Data extract

---

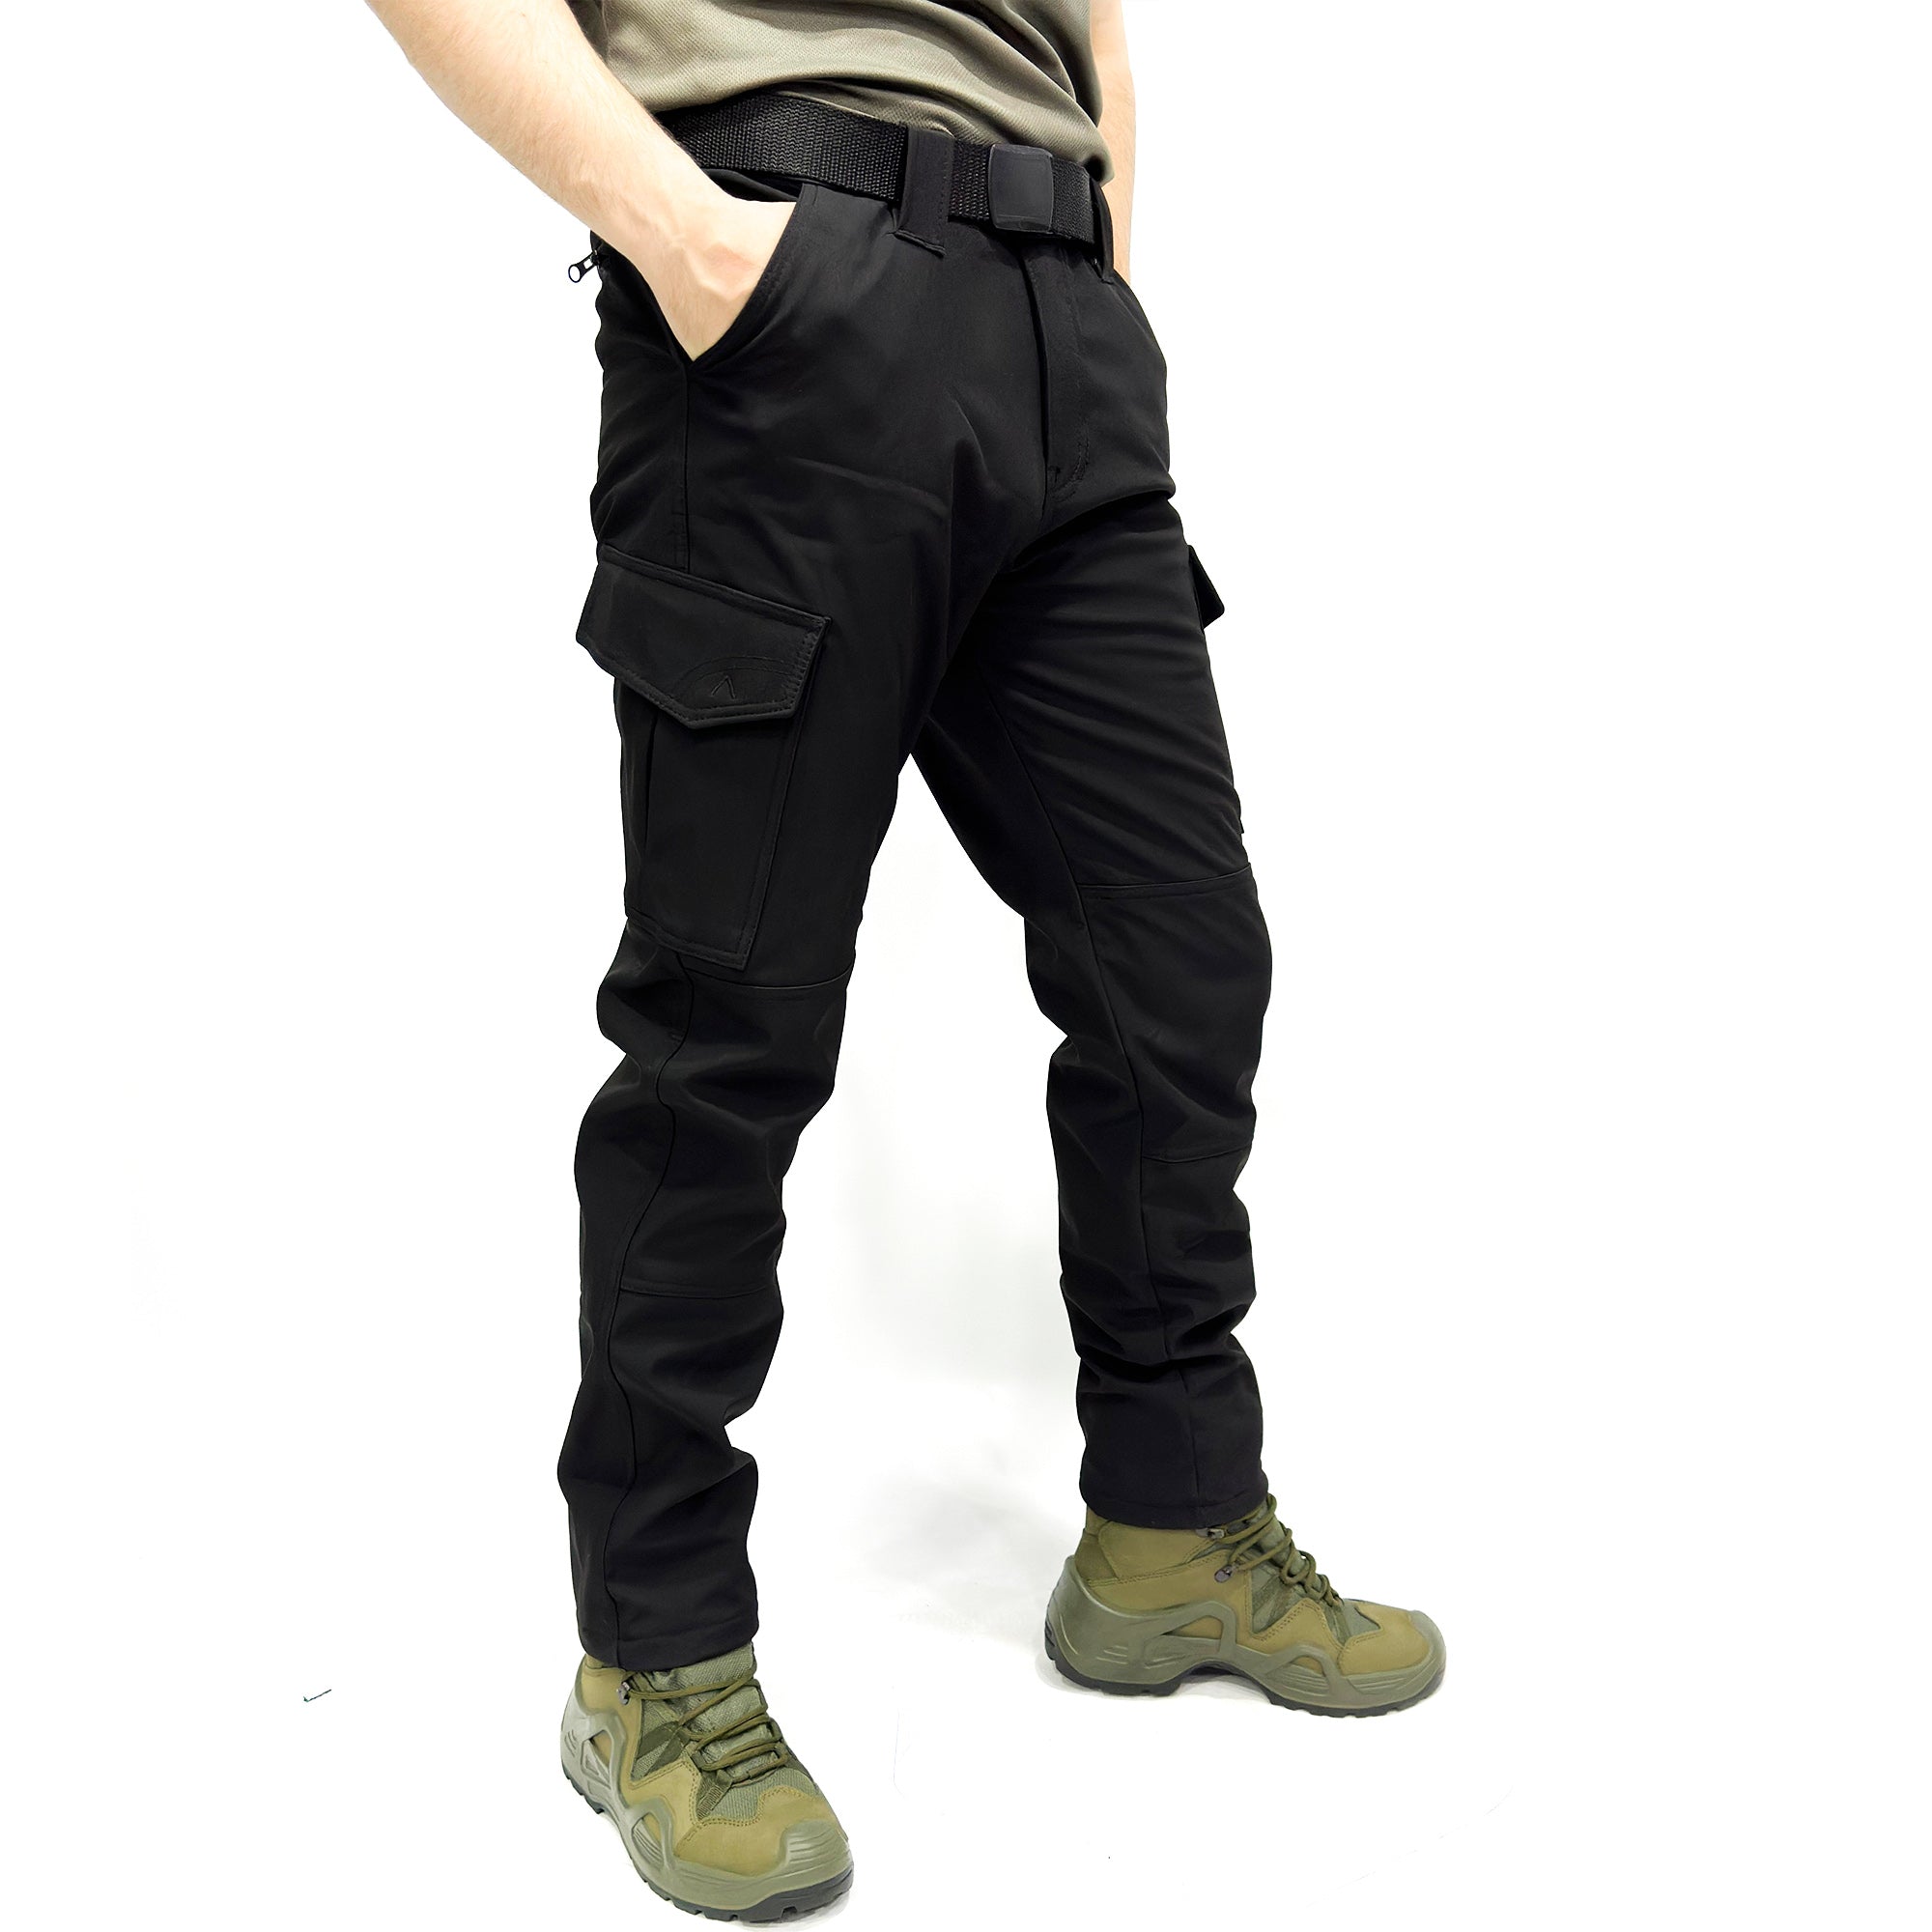 Wind-Waterproof Black Softshell Pants - Fleece Inside
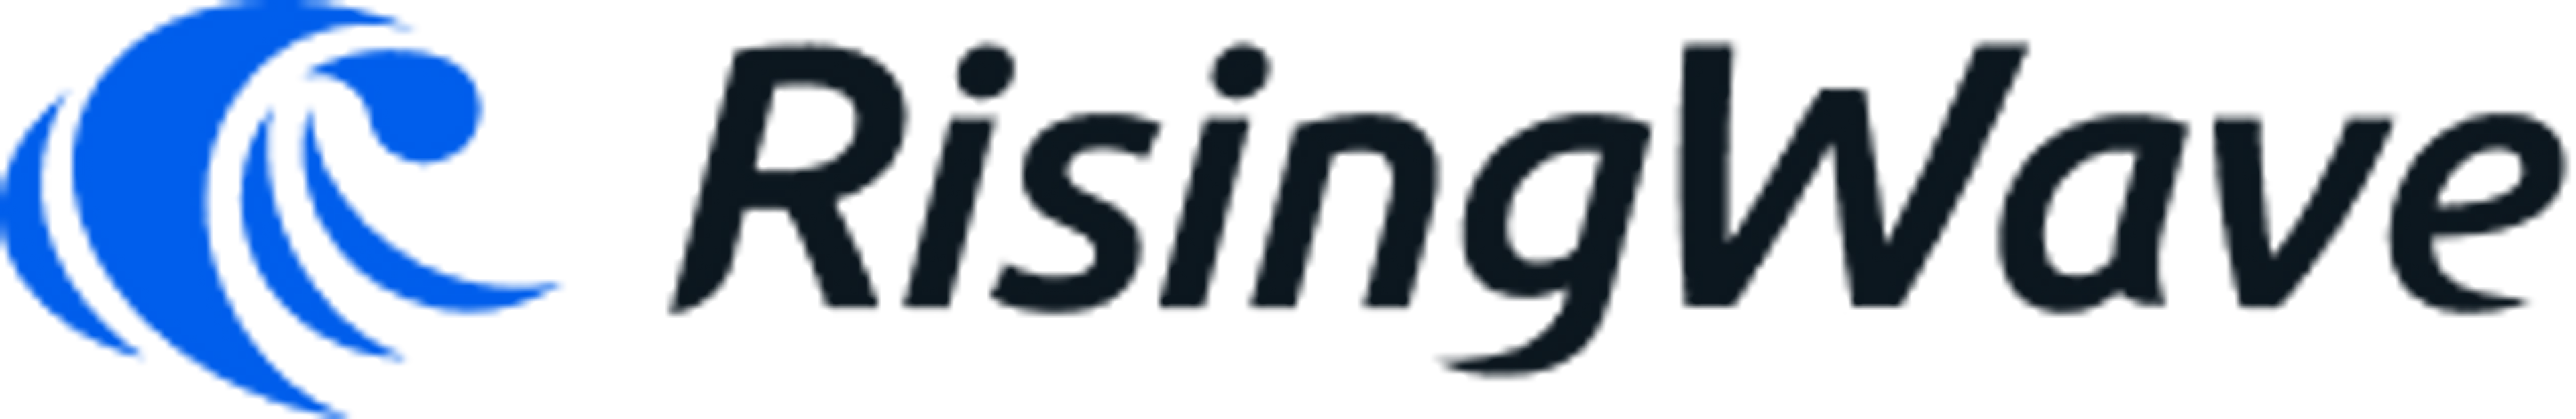 RisingWave logo
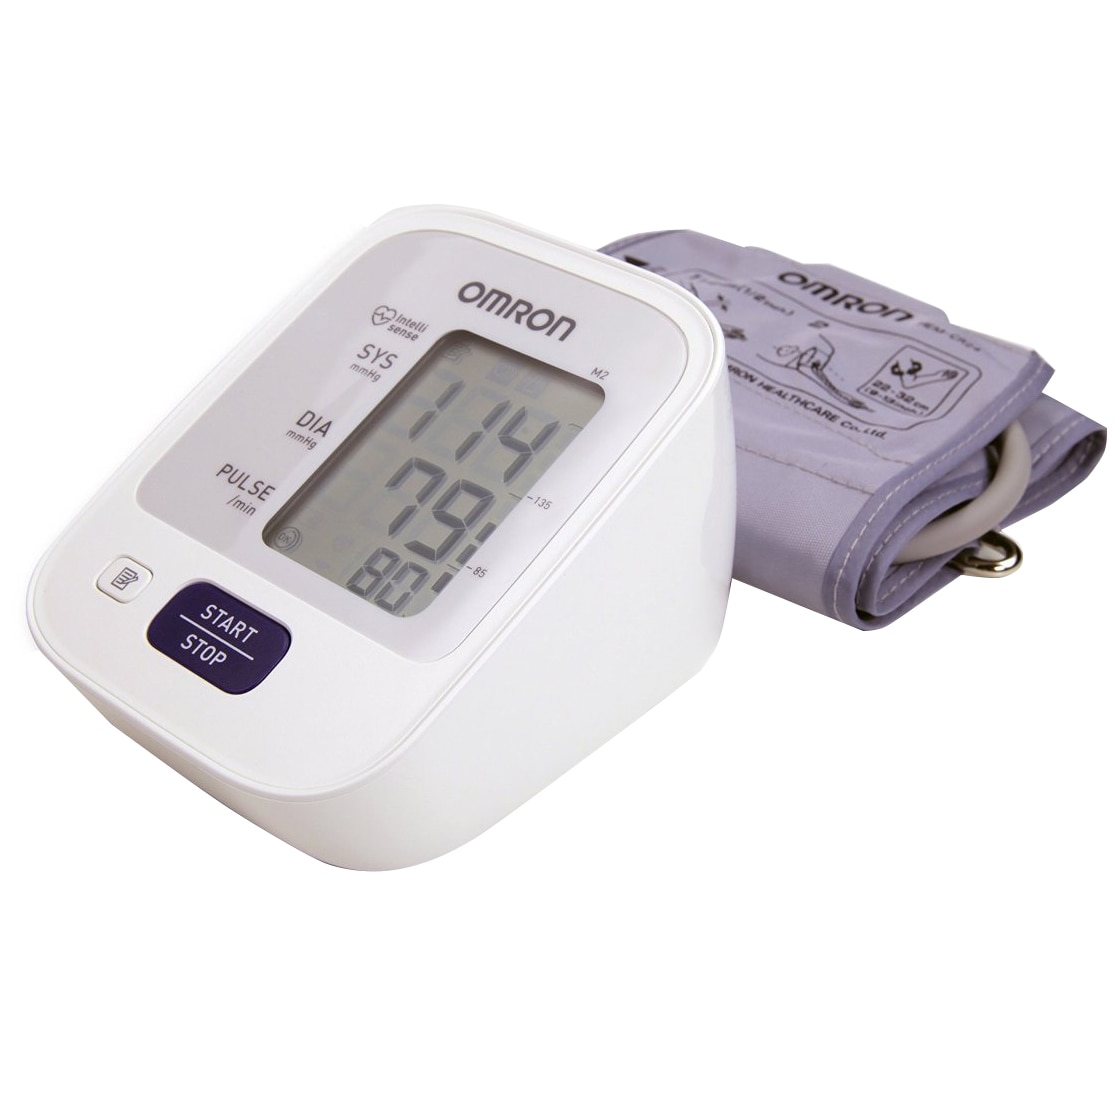 Vérnyomás értékei - Mit jelentenek a vérnyomásmérőn mért értékek?

---

Exercise goal
Copy out the full material exactly. Pictures should not appear in it.

Response to the exercise
 Wind-Waterproof Black Softshell Pants - Fleece Inside
 RisingWave logo
 Vérnyomás értékei - Mit jelentenek a vérnyomásmérőn mért értékek?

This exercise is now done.